Atlanta Mayor Extends Block on Redevelopment of Former AMC: Protecting Healthcare Access for Low-Income Residents

2023-10-07 02:23:08
Atlanta mayor extends block to redevelop former AMC site

Where Mayor Andre Dickens wants to block a health care giant from repurposing what used to be Atlanta Medical Center. FOX 5 confirms the mayor wants to extend a moratorium on redeveloping the site. AMC’S closure created a massive healthcare vacuum for thousands of low income residents. It also left Grady Memorial Hospital as the only level one trauma center in the metro area.

ATLANTA – Atlanta Mayor Andre Dickens wants to continue a temporary block a health care giant from repurposing what used to be Atlanta Medical Center. FOX 5 confirms the mayor plans to extend a moratorium on redeveloping the site. Wellstar shut down the hospital nearly a year ago citing huge financial losses. City leaders say the closure created a health care vacuum for working-class and poor communities that relied on it.

The city enacted the moratorium soon following Wellstar announced the closure.
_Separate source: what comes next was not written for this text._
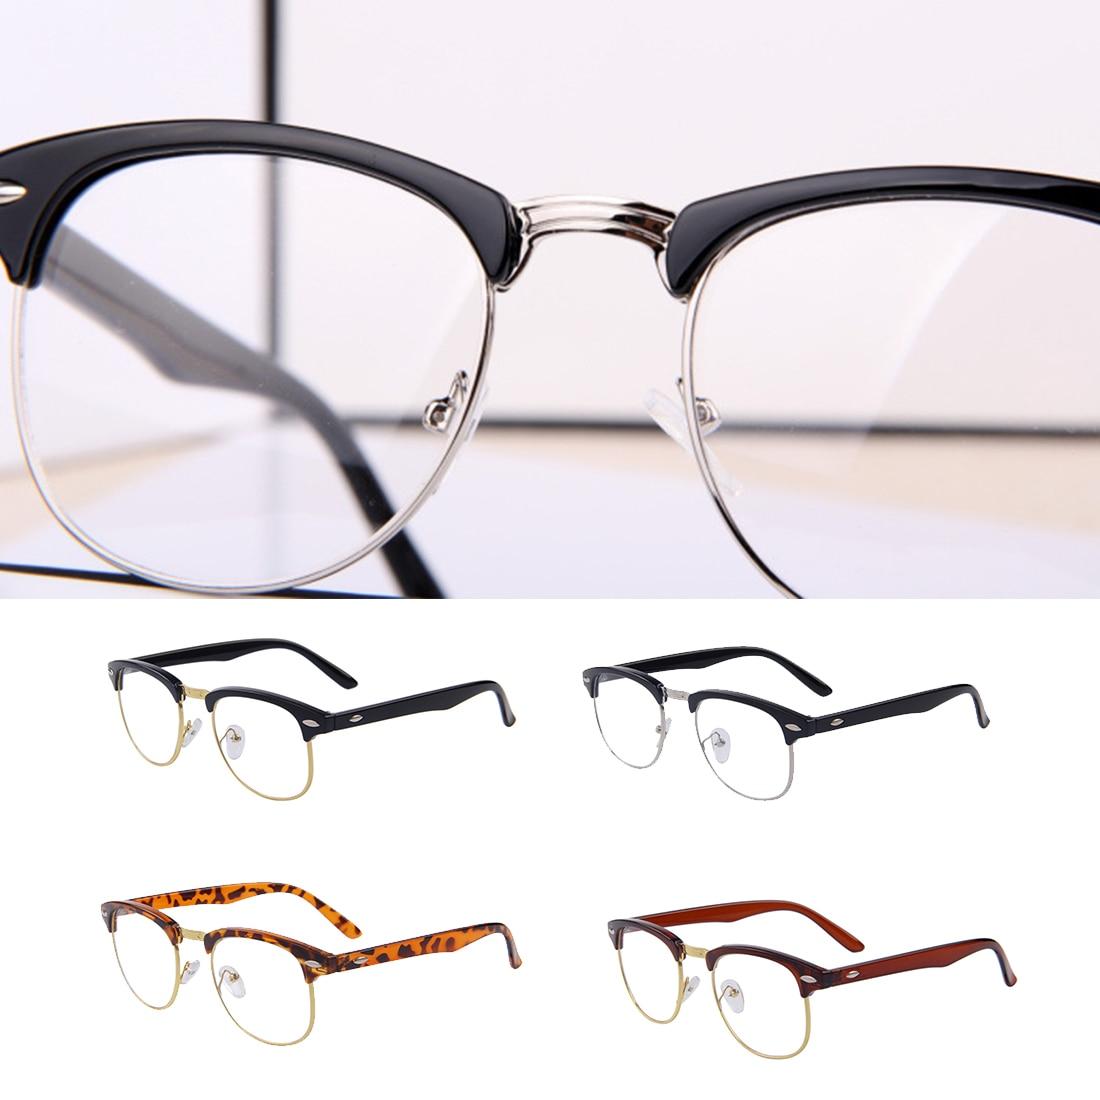 1a411ef4b20c Fashion Candy Color Frame Eyeglasses Nerd Glasses 9 Colors Unisex Men Women  Eyewear Frames ...

The temporary ban means the company cannot do anything new with the property.

“I think it’s a great idea,” said Richard Rose, who heads the civil-rights group Communities United for Justice. “To change it to anything else would be putting our citizens at risk.”

Wellstar, last November, shut Atlanta Medical Center in the Old Fourth Ward. The company said the hospital lost $107-million in a little more than a year. Wellstar closed its emergency room and regular hospital beds at its medical center in East Point earlier in 2022. Rose says the two closures wiped out health care for thousands of patients, many without insurance, in largely low-income African-American neighborhoods south of Interstate 20.

“It’s a big loss for the city and for the state to lose the Atlanta Medical Center,” Rose said. “You may need healthcare and if the facilities are not there, lives are in danger.”

Extending the temporary ban would prevent Wellstar from repurposing the site until next April. Council member Keisha Waites proposes putting a diversion and crisis center where AMC used to stand.

“I would love to see this property be repurposed into the John Lewis Health and Equity Wellness Center,” Waites said. “It would provide a number of services, a mini-courtroom, drug and alcohol recovery for people with special needs, mental health services.”

City leader have said the moratorium gives them more time to come up with a solution. The Atlanta City Council might vote on the plan at the next meeting on October 16.